Updated Analysis: D4D ↔ FAIRSCAPE Alignment with Pydantic Integration and SKOS Mappings #131

@realmarcin

Description

@realmarcin

Summary

Updated analysis of D4D ↔ FAIRSCAPE alignment based on the current state of the repository with FAIRSCAPE Pydantic models integration, SKOS semantic alignment, and updated slot URI coverage.

This updates and extends the analysis from issue #130 with significant new developments.

Major Updates Since Issue #130

1. FAIRSCAPE Pydantic Models Integration ✅

Status: Fully integrated as git submodule

Location: fairscape_models/ (from https://github.com/fairscape/fairscape_models)

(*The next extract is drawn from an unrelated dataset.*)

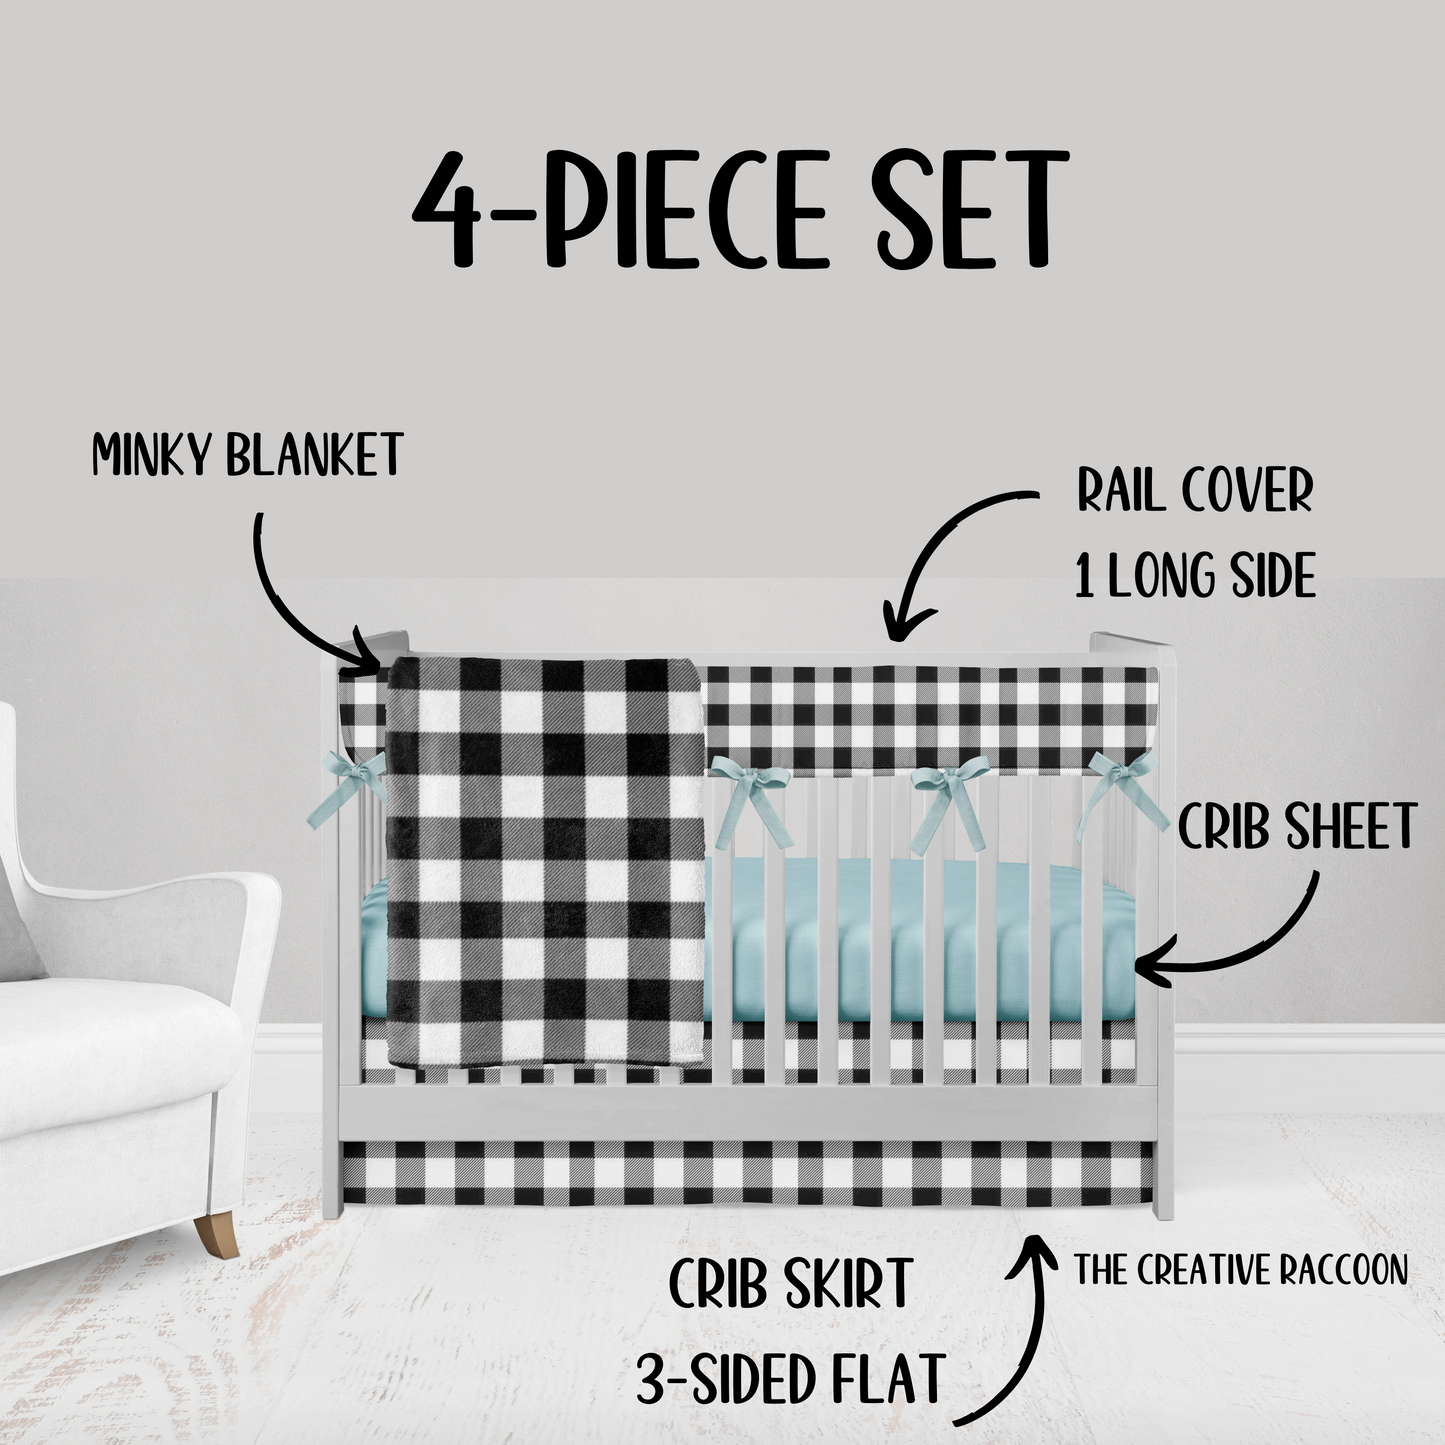 4-piece set- black gingham blanket, rail cover & crib skirt with aqua sheet and aqua ties on the rail cover. all the gingham check will be the same size squares.
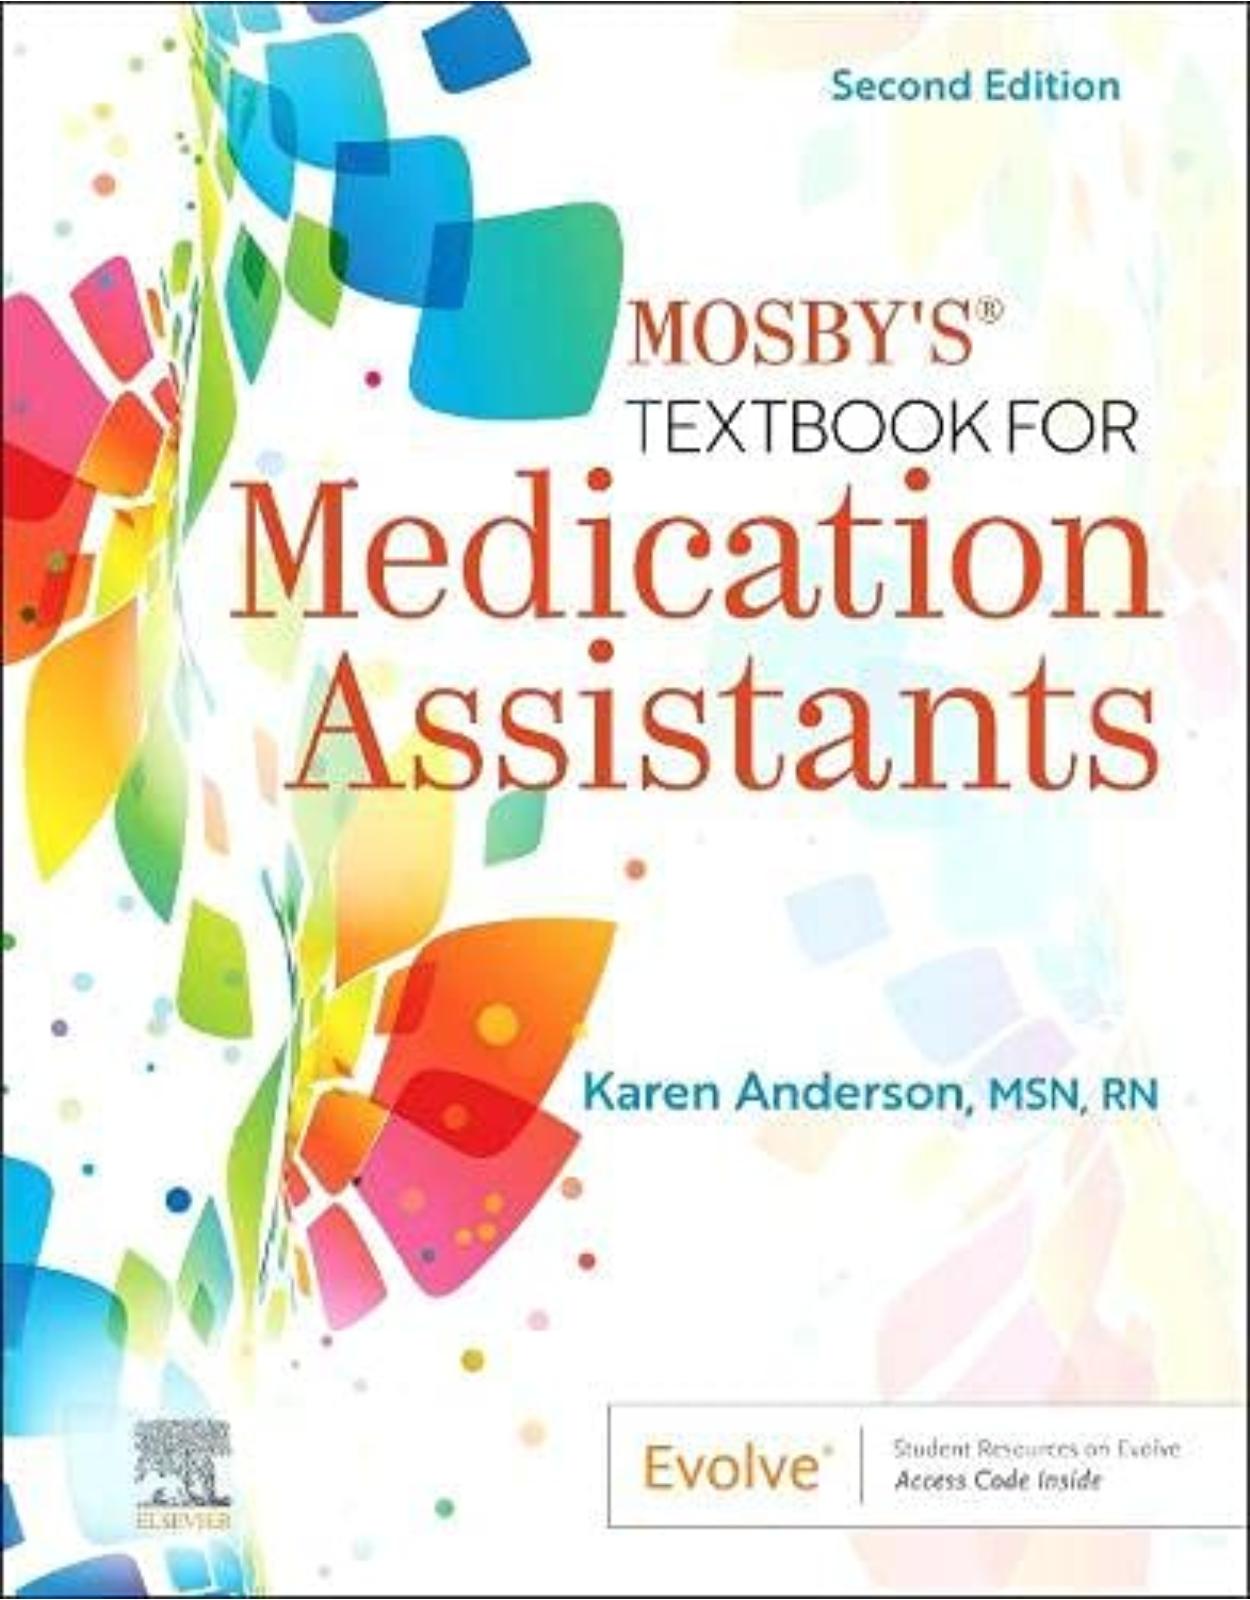 Mosby’s Textbook for Medication Assistants

Converter Implementation: src/fairscape_integration/d4d_to_fairscape.py

  • Converts D4D YAML → FAIRSCAPE RO-Crate with Pydantic validation
  • Tested and working (VOICE D4D → FAIRSCAPE RO-Crate validated ✓)
  • Returns (ROCrateV1_2, validation_result) tuple

Available Models:

  • ROCrateV1_2 - Top-level RO-Crate container
  • ROCrateMetadataElem - Root dataset entity
  • ROCrateMetadataFileElem - Metadata descriptor
  • Dataset, Software, Computation, Annotation, Experiment - Entity types
  • IdentifierValue, PropertyValue - Supporting types

Key Benefit: Runtime validation and type safety for RO-Crate generation

2. SKOS Semantic Alignment ✅

File: src/data_sheets_schema/alignment/d4d_rocrate_skos_alignment.ttl

Total Mappings: 88 D4D properties mapped to RO-Crate/FAIRSCAPE

Mapping Quality:

  • skos:exactMatch: 52 (59.1%) - Direct 1:1 mappings
  • skos:closeMatch: 20 (22.7%) - Semantic equivalence with transformation
  • skos:relatedMatch: 10 (11.4%) - Related concepts, complex mapping
  • skos:narrowMatch: 5 (5.7%) - D4D term narrower than RO-Crate
  • skos:broadMatch: 1 (1.1%) - D4D term broader than RO-Crate

Target Vocabularies:

  • schema.org: ~43 property mappings
  • RAI (Responsible AI): ~30 property mappings
  • EVI (FAIRSCAPE Evidence): ~9 property mappings
  • D4D-specific: ~23 property mappings

Example Mappings:

# Exact matches
d4d:title skos:exactMatch schema:name .
d4d:description skos:exactMatch schema:description .
d4d:doi skos:exactMatch schema:identifier .
d4d:license skos:exactMatch schema:license .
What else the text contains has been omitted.